Yes, the concept itself is not new. Around 2022, people would usually have called it the orchestration layer.

But I think the term started being used closer to its current meaning around this point:

https://www.softwareimprovementgroup.com/blog/what-is-harnes...

In a way, the sequence was something like:

prompt engineering(23~4) -> context engineering(25) ->harness engineering(26)

At first, it was mostly understood as a correction or extension of prompt engineering.
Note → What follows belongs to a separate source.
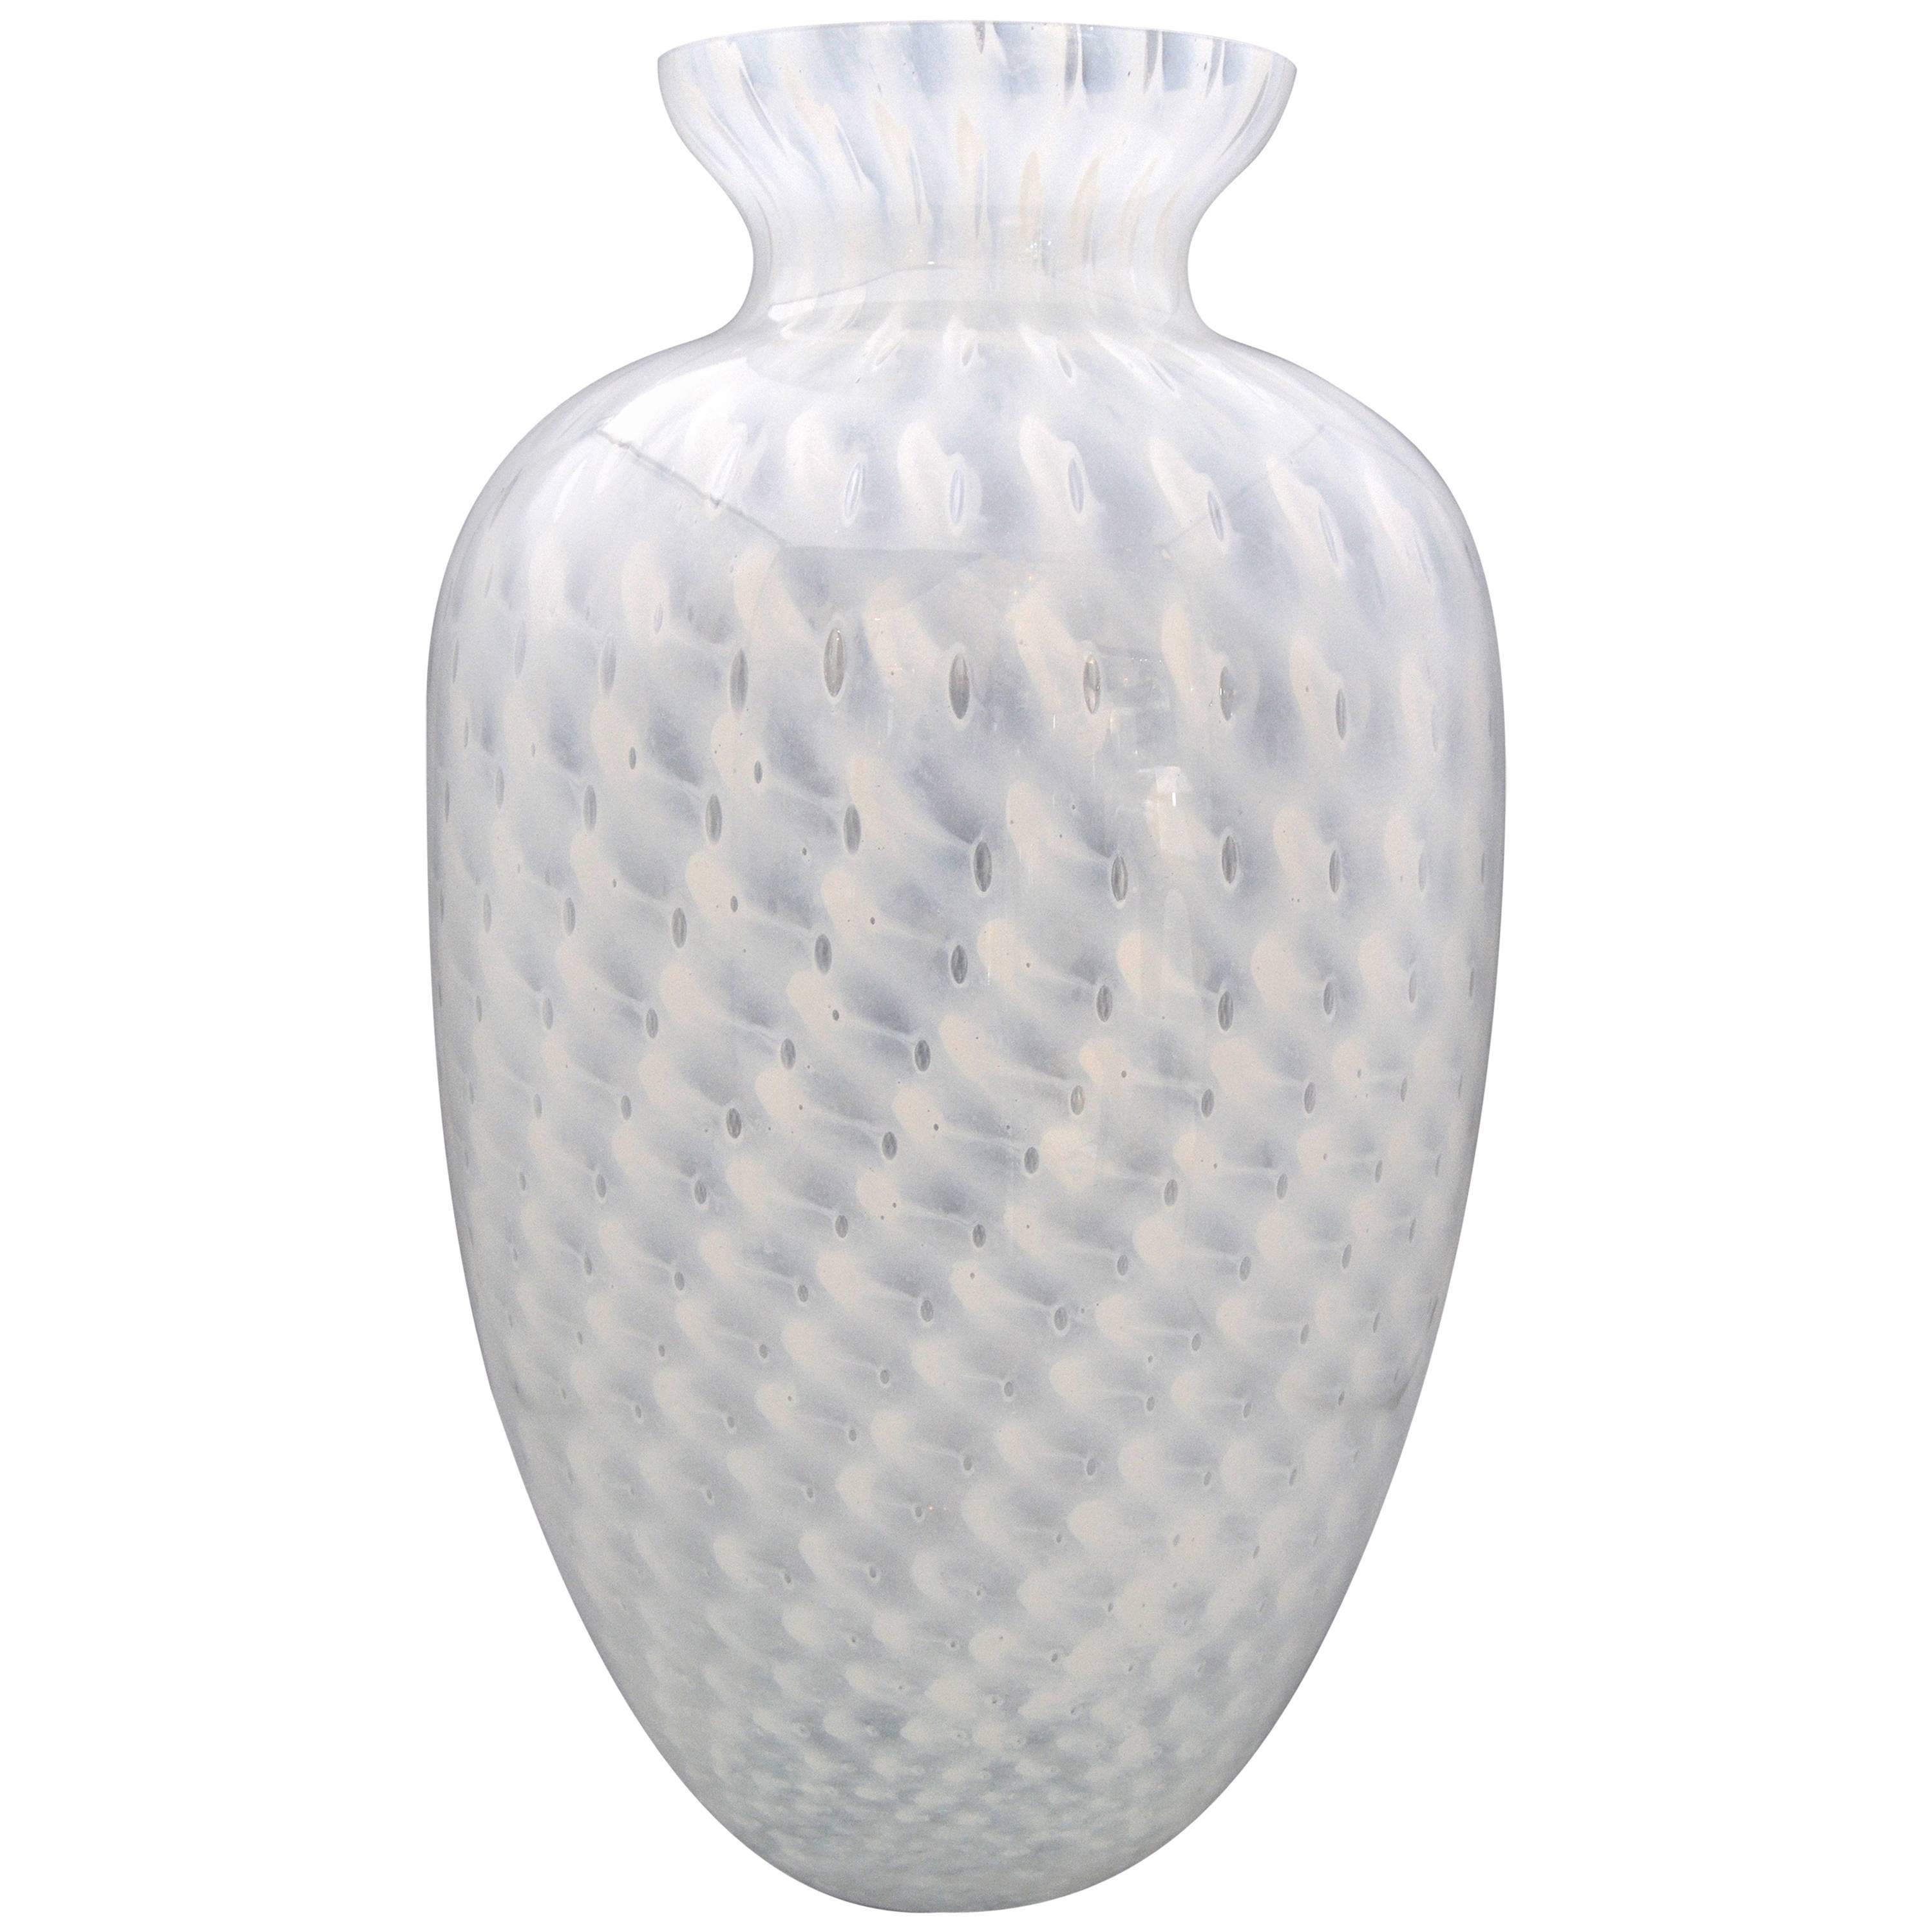 Handblown Italian Murano Art Glass Vase 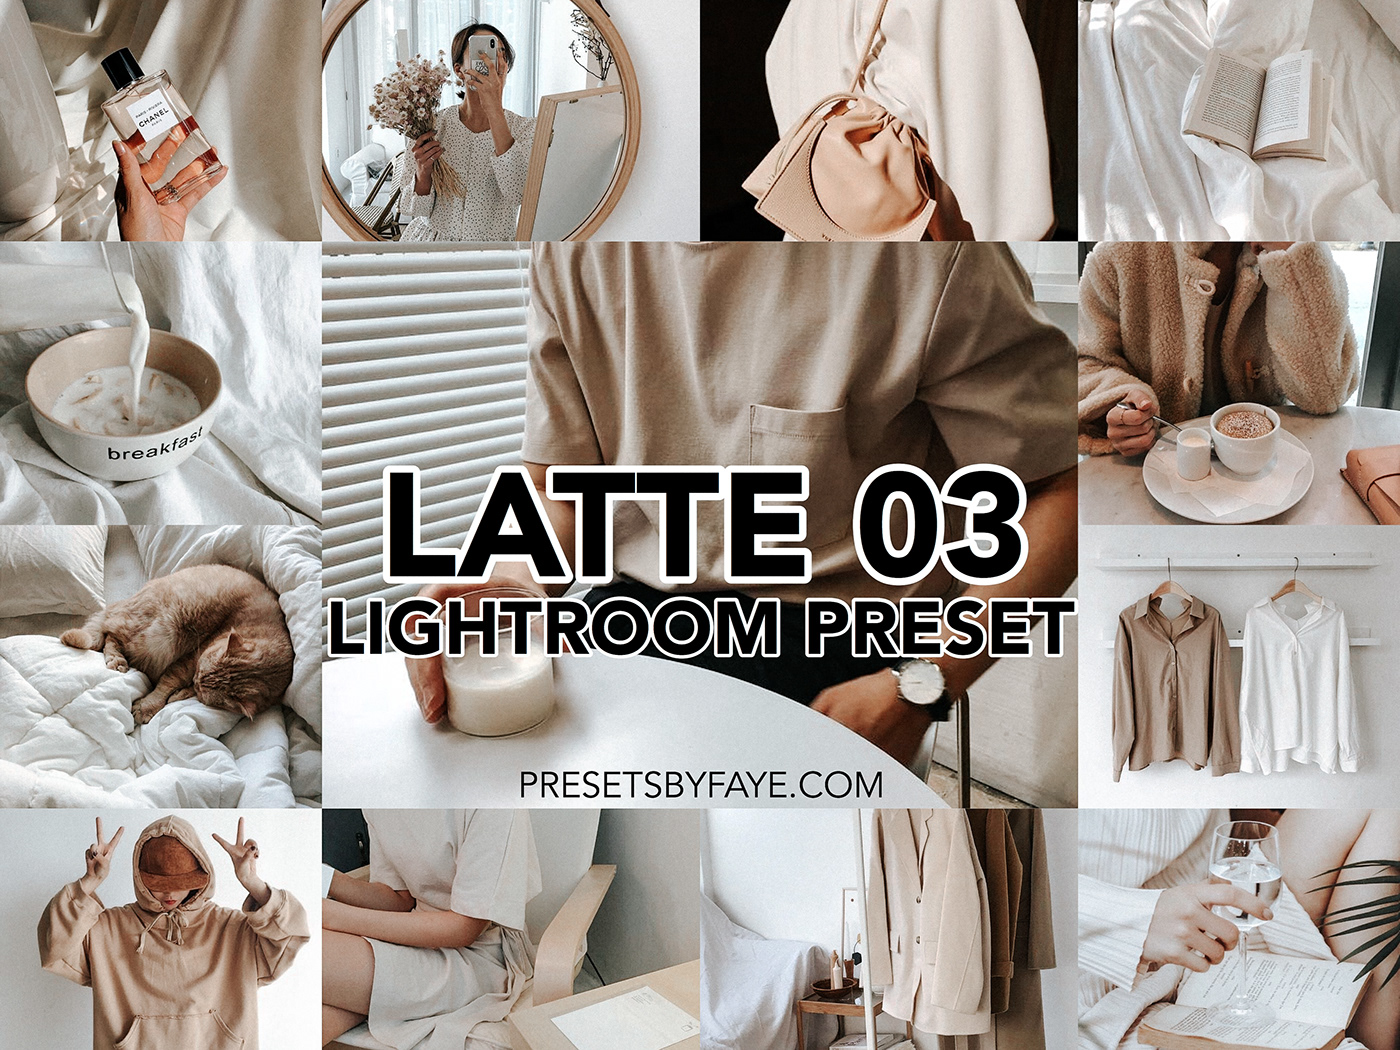 lightroom lightroom filters Lightroom Mobile lightroom presets presetsbyfaye

But the idea of “harness” as the layer that corrects, constrains, and operationalizes agents seems to have emerged much more clearly around 2026.

So yes, there is definitely some terminological confusion in the early phase. That is normal. New technical fields often begin with several competing names for almost the same layer, and only later does one term become stable.

My 2c:

The word harness brings the truth of LLMs back down to Earth.

it really felt like between 2018 and 2022ish like LLMs had this magical aura, like the orchestration layer was intelligent, maybe even recursive, beyond what simple functions could do. It was assumed that this was a solved problem. The word "orchestration" denoted it, the words we used were full of optimism. When you lift the veil, it really is just regex, and cool tricks sure, but it's a harness it's a utility, there's no magic here, there's realism.

Maybe the labs even had a part to play in this as well; attempting to make themselves look magical. I mean just look at the choice of name for "Mythos", it's about bringing back that feeling of myth and magic after we saw under the veil.

The reality is that the labs have produced magical models yes, but are locking them into ecosystems that leave a lot to be desired, and are easily reproducible, and essentially are cron jobs, regex.. things we've seen in traditional cloud for decades. It feels like an attempt to create a moat where there is none.

Maybe I'm wrong but this has been my impression

There were no LLMs between 2018 and 2022, at least not in the sense resembling today. The whole LLM frenzy started in late 2022.

Harness itself was a widely used term by at least the "[LLM] plays pokemon" trend, which was a year ago[1]. That was basically the term of art to use when arguing about just how much special treatment LLMs should get.

"harness engineering" is the term claimed by that article to have originated in February. It does seem obvious in retrospect and I don't remember an origination point, but there's at least one hn comment predating that in December[2] and it doesn't treat it as novel.

I will admit that my bias is against any self congratulatory buzzword fads (I'm still not over "MCP is the USB of LLMs" or whatever and that's been a year now too). "Who coined the term harness engineering?" -> who cares? It was already widely being done.

[1] https://www.lesswrong.com/posts/7mqp8uRnnPdbBzJZE/is-gemini-...

[2] https://news.ycombinator.com/item?id=46331242

I read your comment. I think we may be talking about slightly different contexts.

The Pokémon article you linked is basically about benchmarking. In that context, the harness functions as part of the benchmark setup: the controlled environment around the model, the available inputs, tools, and assistance.

The current usage of “harness,” at least in the agent engineering discussion, seems closer to a lower-level runtime layer, almost like an OS around the agent.

So I see this as a transition: from “harness” as a narrower benchmark/control-variable layer to “harness” as the broader operating environment of the agent.

That does not mean I think your point is wrong. With topics like this, the interpretation depends on which part of the lineage one emphasizes. The first appearance of the idea may go back to 2022 or earlier, while the usage that looks closer to the current meaning may have emerged at a different point.

I am probably giving more weight to the SIG article, while you are giving more weight to a different point in the lineage. Both seem reasonable to me.